START Provided data
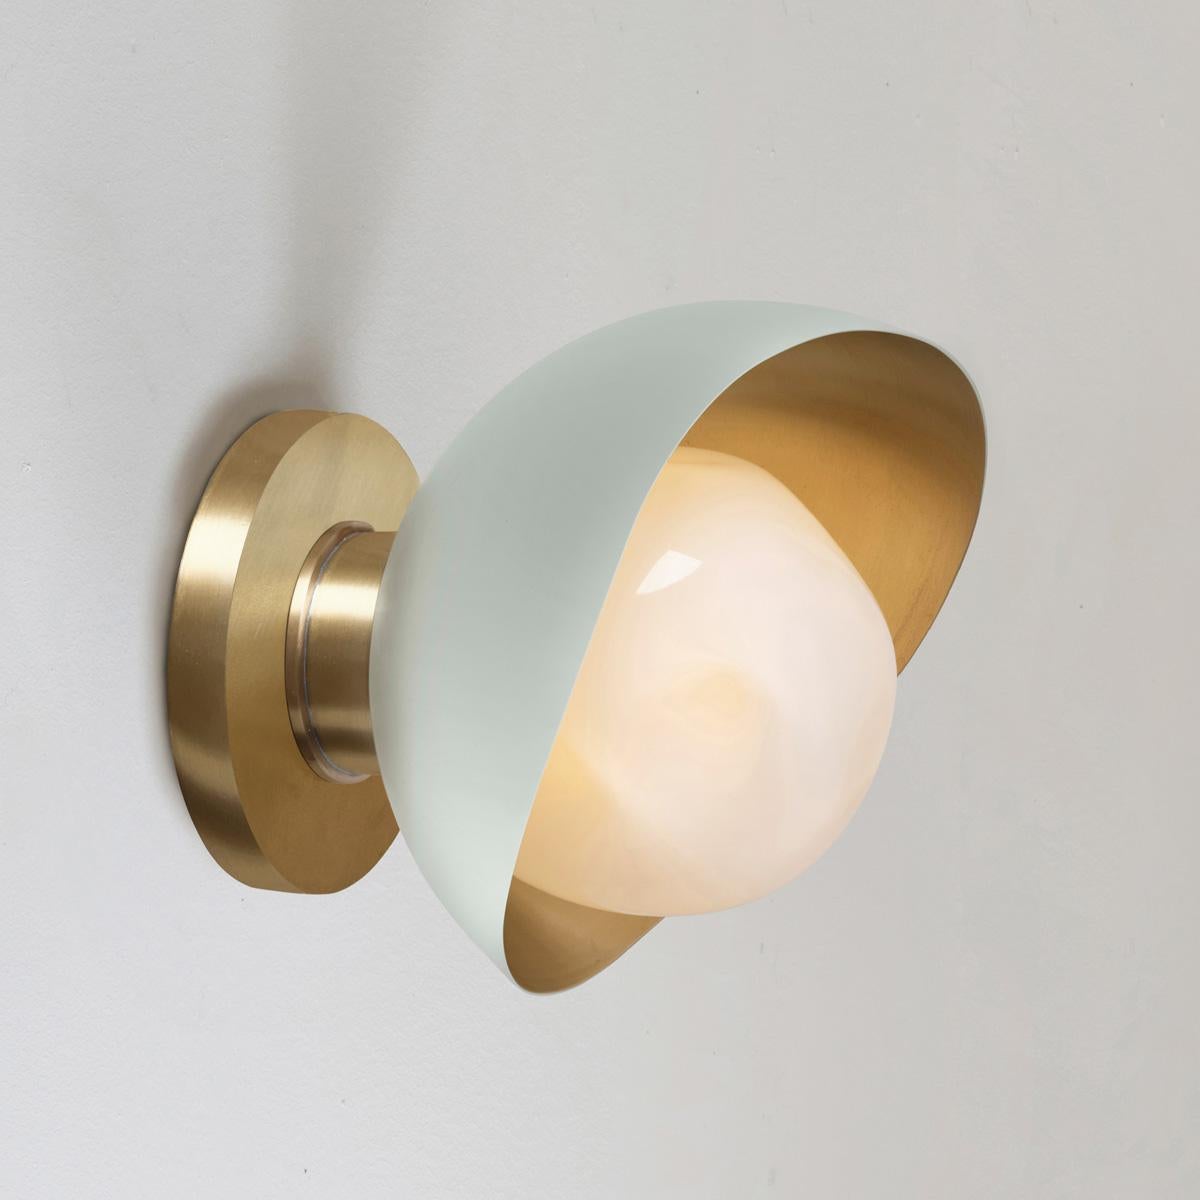 Modern Perla Mini Wall Light by Gaspare Asaro. Sand White and Satin Brass Finish For Sale
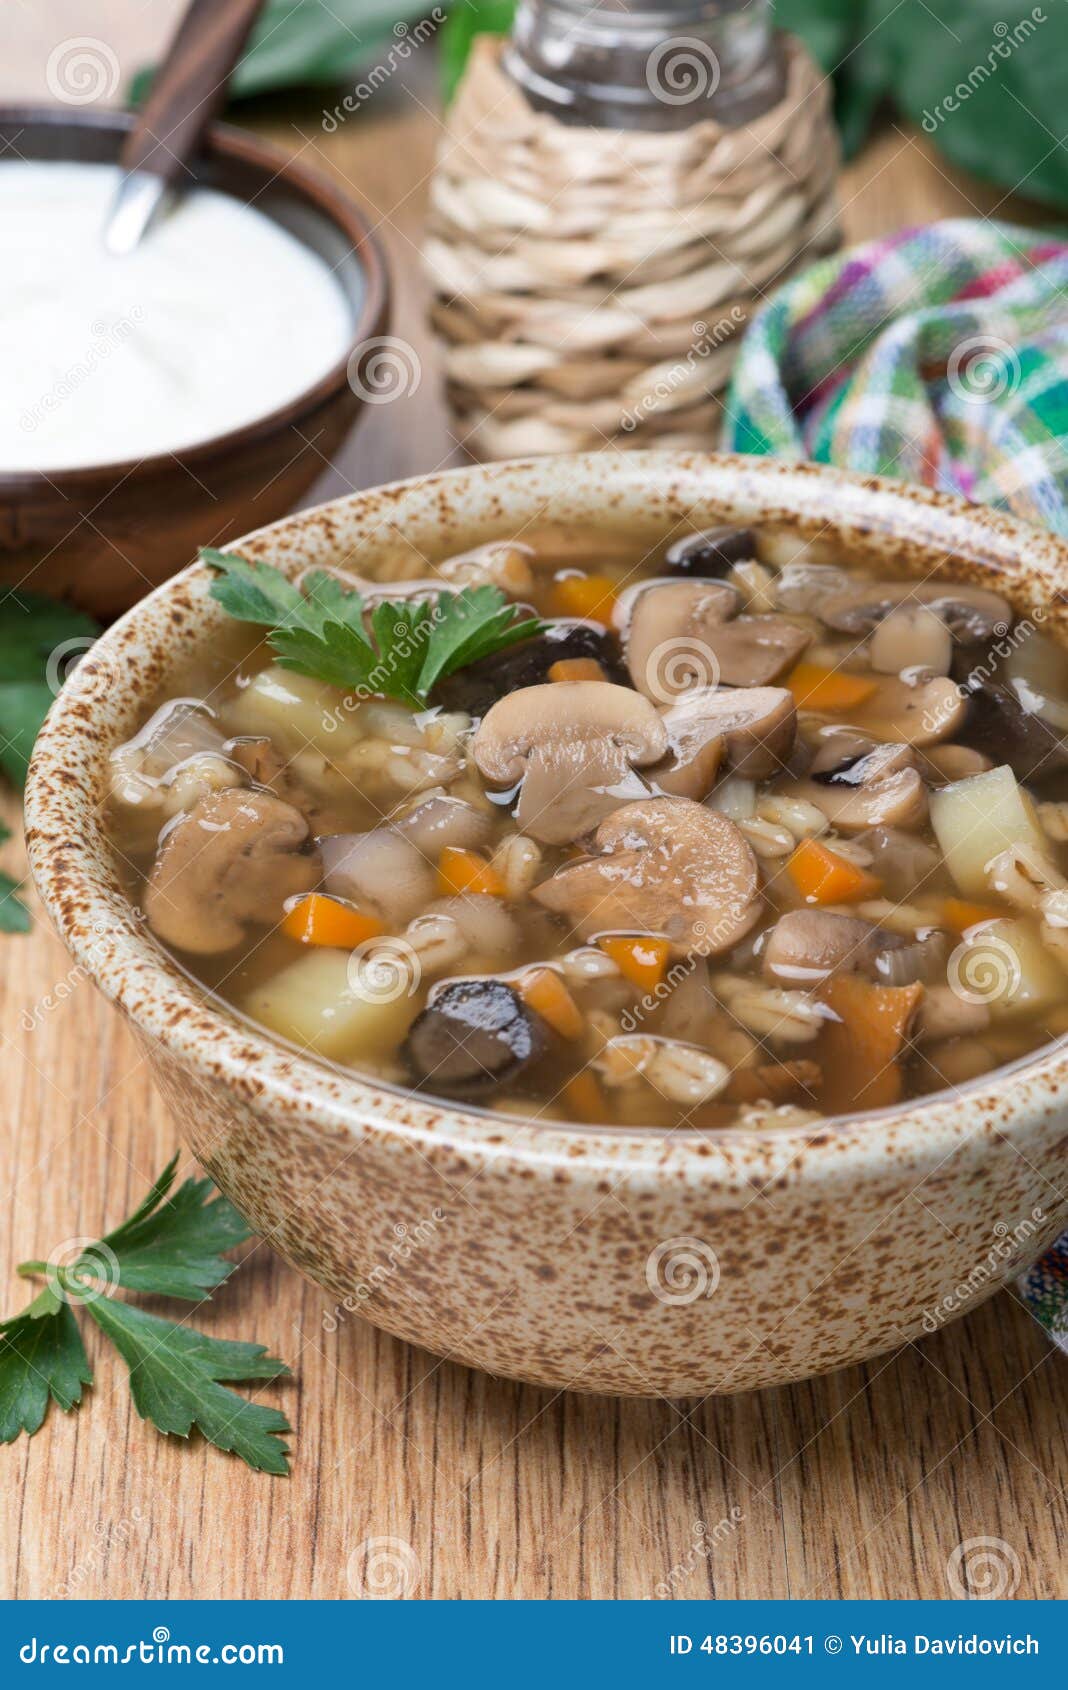 Mushroom Soup with Pearl Barley, Vertical Stock Image - Image of cereal ...
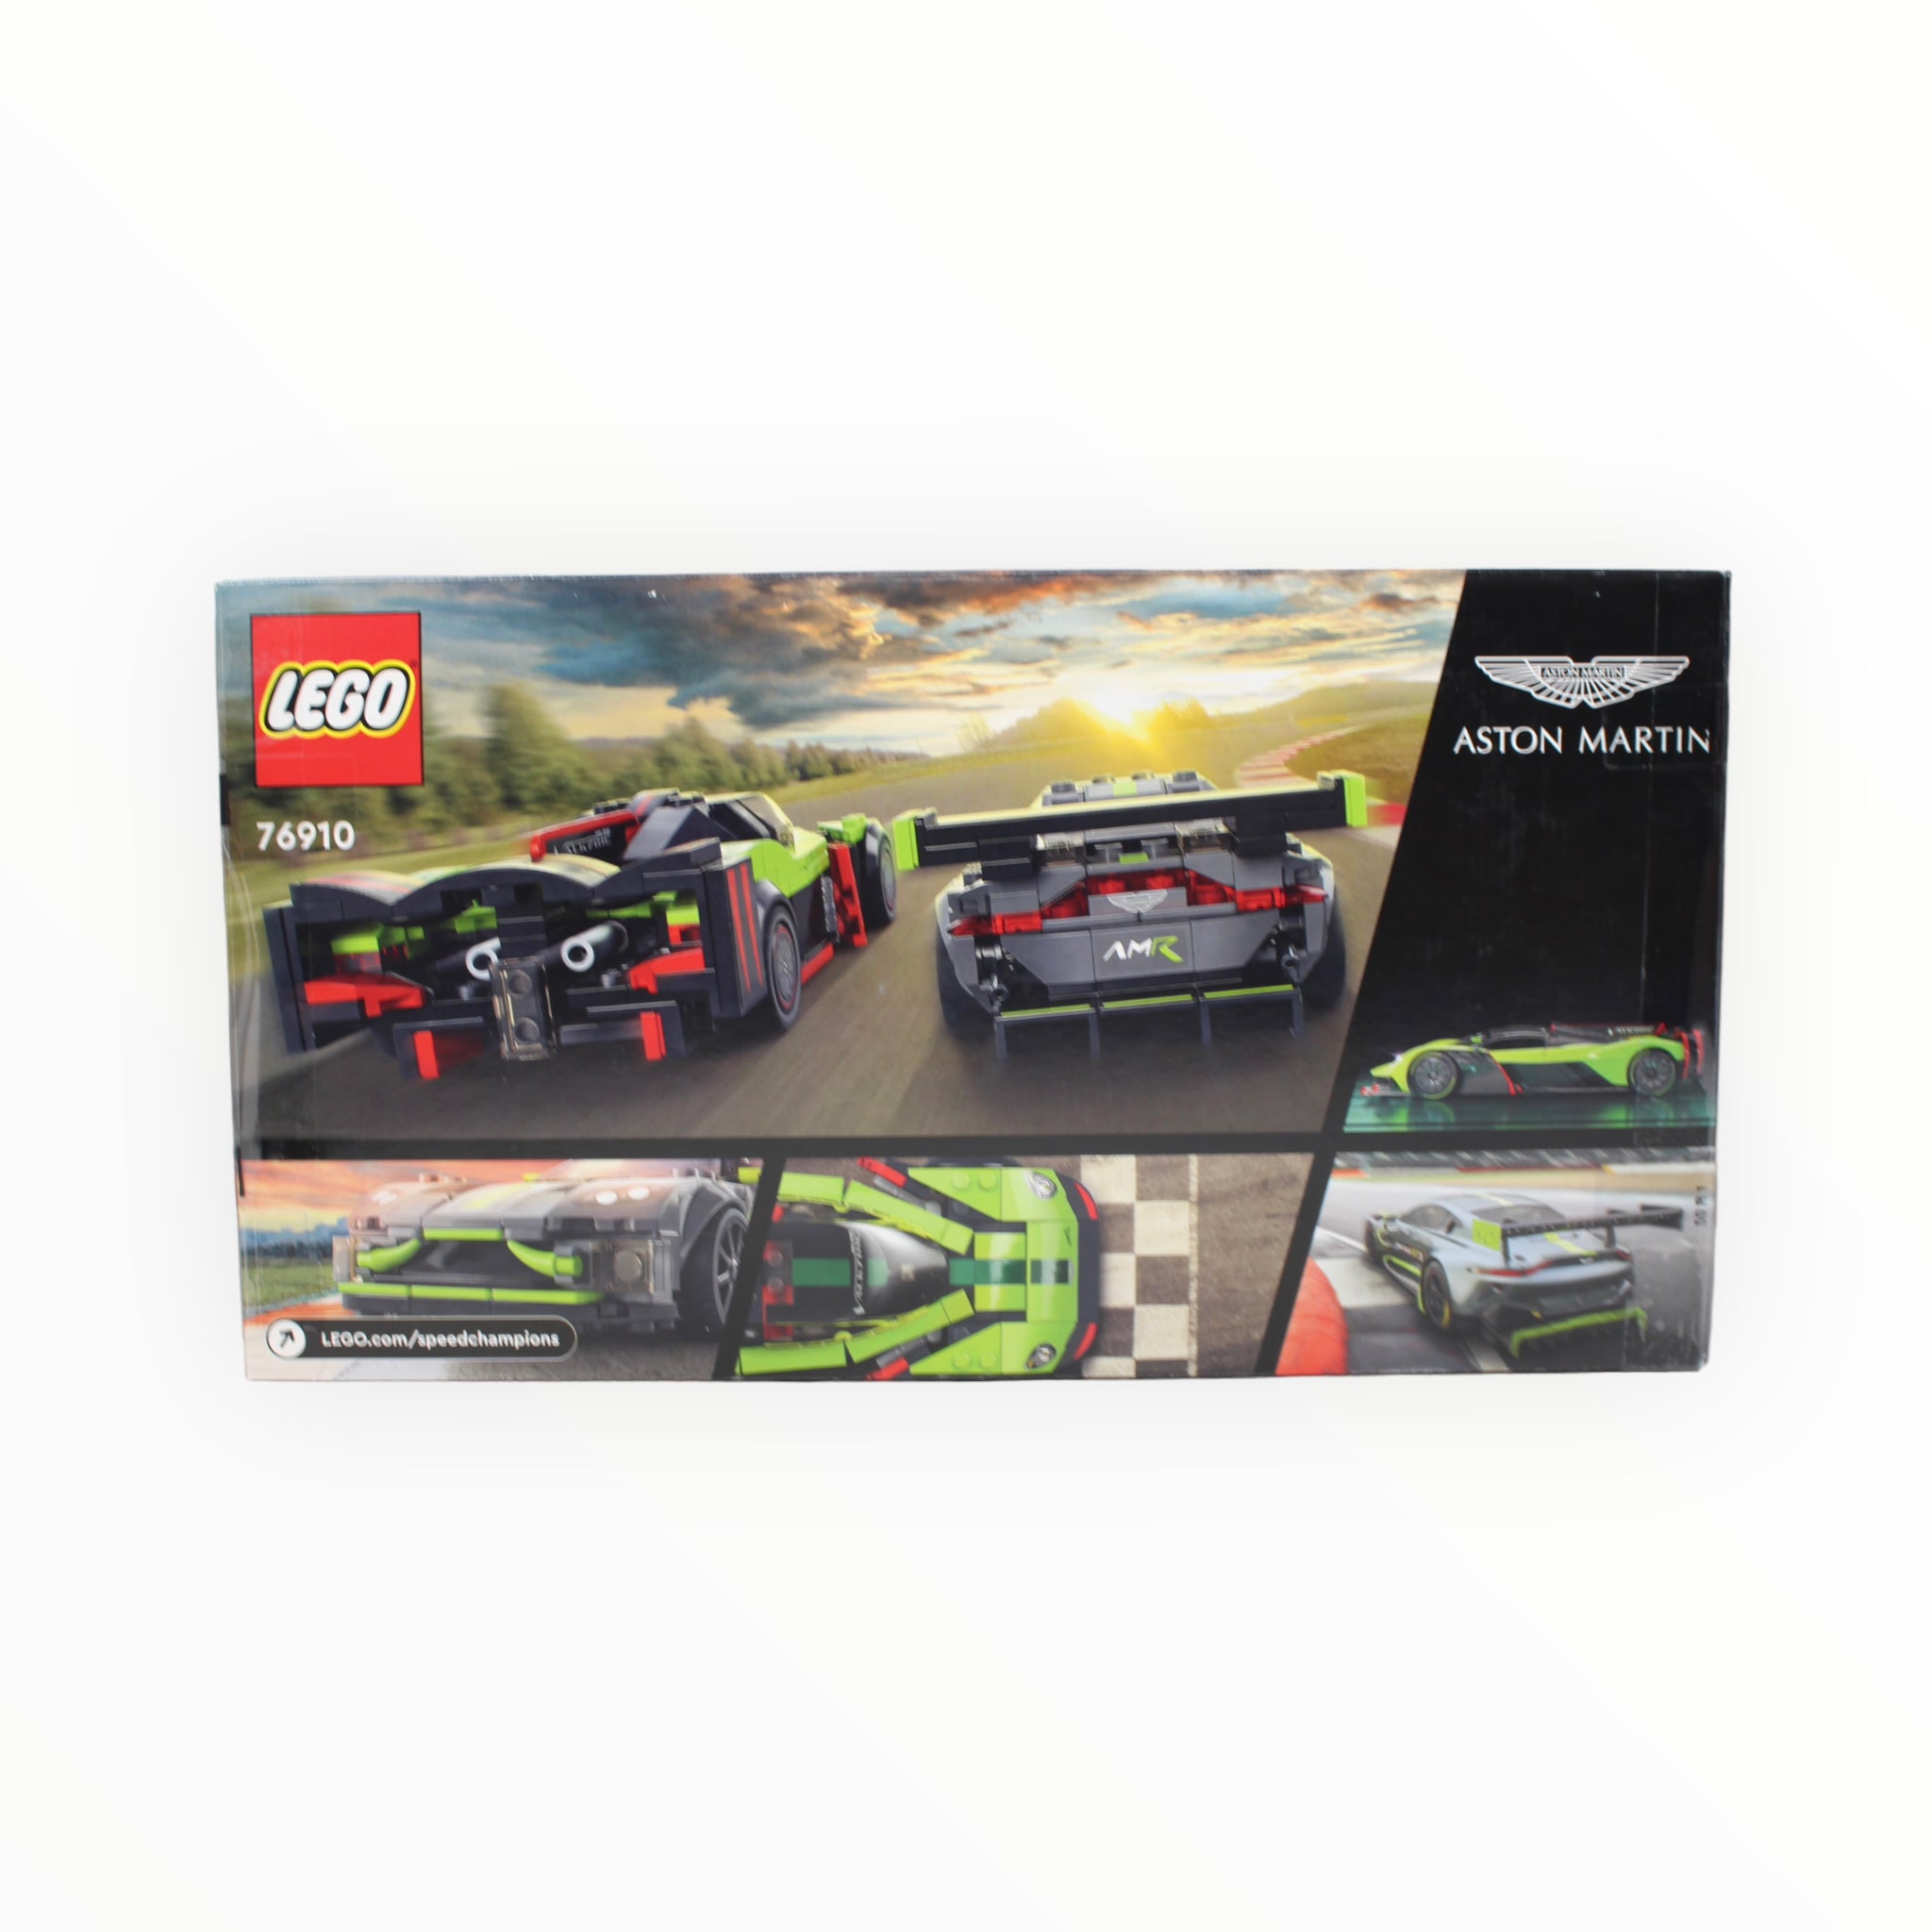 Certified Used Set 76910 Speed Champions Aston Martin Valkyrie AMR Pro and Aston Martin Vantage GT3
END Provided data
Exercise requirements
The line with "Mushroom Soup with" and each line after it, through the final line of the data, are to be duplicated exactly, with pictures left out and nothing more included.

Exercise result
 Mushroom Soup with Pearl Barley, Vertical Stock Image - Image of cereal ...
 Certified Used Set 76910 Speed Champions Aston Martin Valkyrie AMR Pro and Aston Martin Vantage GT3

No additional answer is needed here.